Now, after a lengthy delay caused by an NHL investigation of Shanahan's St. Louis contract, an arbitrator was about to award compensation to the Devils. St. Louis had offered winger Rod Brind'Amour and goalie Curtis Joseph. The Devils had asked for Stevens, the linchpin of the St. Louis defense.

In the corridor outside the Team Canada locker room Monday night, Stevens and Shanahan conferred with Rick Curran, Shanahan's agent. Stevens, Shanahan graciously pointed out, was a 27-year-old, established All-Star. Shanahan, 22, was still growing into his potential. Surely, arbitrator Ed Houston wouldn't send Stevens to New Jersey. Never happen, they all agreed.

Yesterday afternoon, it happened.

All those NHL GMs who resented Caron for breaking their informal rule against signing free agents had to be celebrating.

All the players and agents who have maintained that the current arbitration system must be scrapped as part of a new collective bargaining agreement, well, they had fresh ammunition for their charge that the system favors the NHL establishment.

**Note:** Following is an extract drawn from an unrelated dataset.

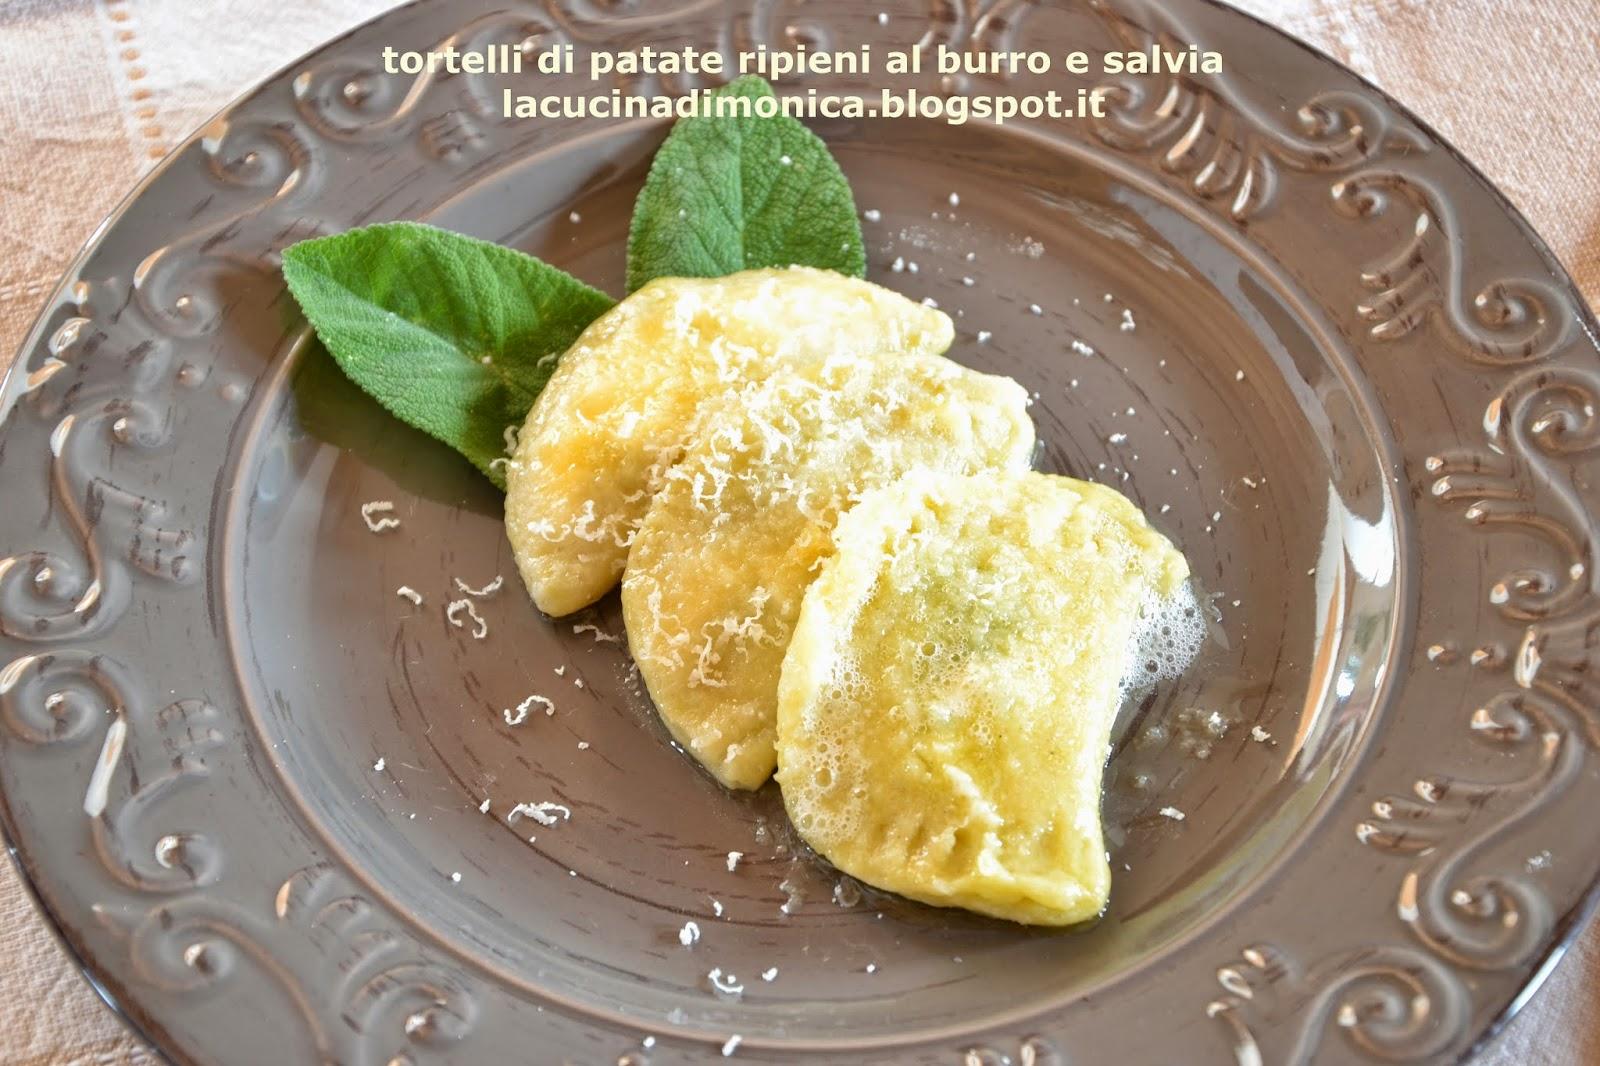 tortelli di patate ripieni al burro e salvia

"I think this is a move to punish St. Louis in some manner for what they've done," Shanahan said. " . . . There'll be no movement now."

Blues executives hinted that the book was not closed on the case.

"I suppose on the surface, as we speak, you could look at it as punitive," Blues president Jack Quinn said. "We're going to try to take a look at our options."

Quinn said the team planned to look at the 14-page decision in closer detail and issue a longer statement in a few days. He wouldn't say whether legal action against the NHL was being contemplated, but the league's arbitration process doesn't provide for an appeal."

Devils general manager Lou Lamoriello applauded Houston's decision.

"Unless the bylaws have changed, you're supposed to get a quality player in return," Lamoriello said. "To think you are going to beat the system is wrong. Stevens gives us a toughness we need. Our goaltenders are going to be happy having him around."

In asking for Stevens, Lamoriello had argued that Brind'Amour was coming off an off season and that his team did not need goaltending.

Stevens, who earlier in the week had threatened not to report to the Devils if they won the case, seemed subdued and cautious.

"I'm still shocked," he said a few hours after the decision. "It's tough how you can be treated and moved around like this without your consent."

Stevens said he had lauded the Blues' acquisition of Shanahan, never thinking he might be affected.

"I never in my wildest thoughts believed I would be the compensation for him," Stevens said.

He wouldn't talk about the possibility of not reporting to New Jersey.

"I've got to talk to my agent, Rick Bennett, and see what he says . . . (St. Louis) is a great city. I was just starting to feel comfortable there."

Caron still owes the Capitals four No. 1 picks for Stevens, who was a Blue for just one season.